### ENTRIES PROVIDED

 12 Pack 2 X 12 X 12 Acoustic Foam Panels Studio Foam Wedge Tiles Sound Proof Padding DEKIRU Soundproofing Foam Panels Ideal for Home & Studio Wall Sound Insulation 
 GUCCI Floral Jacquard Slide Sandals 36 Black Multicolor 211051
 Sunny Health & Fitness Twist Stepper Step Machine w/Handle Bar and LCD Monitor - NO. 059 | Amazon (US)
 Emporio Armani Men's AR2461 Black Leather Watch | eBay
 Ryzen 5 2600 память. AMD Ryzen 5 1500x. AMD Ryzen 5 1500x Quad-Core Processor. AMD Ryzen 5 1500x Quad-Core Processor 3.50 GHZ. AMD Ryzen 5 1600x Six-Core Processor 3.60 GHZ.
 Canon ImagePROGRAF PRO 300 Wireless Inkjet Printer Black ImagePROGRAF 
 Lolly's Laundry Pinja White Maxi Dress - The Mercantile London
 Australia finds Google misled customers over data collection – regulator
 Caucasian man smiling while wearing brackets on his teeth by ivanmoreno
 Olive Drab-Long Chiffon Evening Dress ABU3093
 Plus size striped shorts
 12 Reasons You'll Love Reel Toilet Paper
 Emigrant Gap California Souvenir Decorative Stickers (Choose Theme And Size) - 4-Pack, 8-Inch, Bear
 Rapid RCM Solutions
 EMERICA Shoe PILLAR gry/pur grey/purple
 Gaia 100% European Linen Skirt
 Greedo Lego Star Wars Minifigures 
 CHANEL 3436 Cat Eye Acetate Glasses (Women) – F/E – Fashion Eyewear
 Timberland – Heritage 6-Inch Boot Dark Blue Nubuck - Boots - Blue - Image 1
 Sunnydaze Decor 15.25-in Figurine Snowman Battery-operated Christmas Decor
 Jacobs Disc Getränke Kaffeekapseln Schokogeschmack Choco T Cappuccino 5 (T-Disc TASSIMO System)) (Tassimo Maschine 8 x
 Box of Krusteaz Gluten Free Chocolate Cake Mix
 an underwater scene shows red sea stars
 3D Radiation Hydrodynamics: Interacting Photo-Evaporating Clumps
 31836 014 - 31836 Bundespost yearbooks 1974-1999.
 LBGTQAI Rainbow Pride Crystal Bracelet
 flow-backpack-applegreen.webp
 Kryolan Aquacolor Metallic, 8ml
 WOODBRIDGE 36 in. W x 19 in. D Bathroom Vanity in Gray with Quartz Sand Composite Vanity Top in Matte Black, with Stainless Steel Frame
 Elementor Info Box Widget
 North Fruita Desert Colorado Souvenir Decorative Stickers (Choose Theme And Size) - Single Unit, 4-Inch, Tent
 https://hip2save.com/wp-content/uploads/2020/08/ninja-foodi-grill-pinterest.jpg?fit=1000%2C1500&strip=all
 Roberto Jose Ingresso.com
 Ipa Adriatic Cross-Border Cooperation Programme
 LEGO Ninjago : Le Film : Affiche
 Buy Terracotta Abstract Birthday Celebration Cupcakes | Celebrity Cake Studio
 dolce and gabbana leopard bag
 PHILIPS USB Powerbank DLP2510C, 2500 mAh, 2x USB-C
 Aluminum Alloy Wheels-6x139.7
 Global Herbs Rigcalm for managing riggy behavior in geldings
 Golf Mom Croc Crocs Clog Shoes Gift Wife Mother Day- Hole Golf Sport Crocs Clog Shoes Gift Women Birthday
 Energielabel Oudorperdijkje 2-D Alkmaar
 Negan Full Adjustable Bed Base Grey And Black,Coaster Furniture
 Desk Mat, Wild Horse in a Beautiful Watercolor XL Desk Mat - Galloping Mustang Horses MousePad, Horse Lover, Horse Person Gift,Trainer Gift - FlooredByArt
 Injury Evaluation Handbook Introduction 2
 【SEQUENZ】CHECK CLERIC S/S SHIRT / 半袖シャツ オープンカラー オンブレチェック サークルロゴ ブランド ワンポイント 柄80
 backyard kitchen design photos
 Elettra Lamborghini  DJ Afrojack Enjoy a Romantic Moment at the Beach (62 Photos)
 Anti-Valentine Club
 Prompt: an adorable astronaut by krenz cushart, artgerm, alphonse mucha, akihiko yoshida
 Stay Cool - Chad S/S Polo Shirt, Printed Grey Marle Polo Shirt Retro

### WHAT THE TASK REQUIRES
Look above for the line with "Elementor Info Box Widget" and the line with "Roberto Jose Ingresso.com". Write out those two lines and all the lines between them, exactly, and no others.

### TASK ANSWER
 Elementor Info Box Widget
 North Fruita Desert Colorado Souvenir Decorative Stickers (Choose Theme And Size) - Single Unit, 4-Inch, Tent
 https://hip2save.com/wp-content/uploads/2020/08/ninja-foodi-grill-pinterest.jpg?fit=1000%2C1500&strip=all
 Roberto Jose Ingresso.com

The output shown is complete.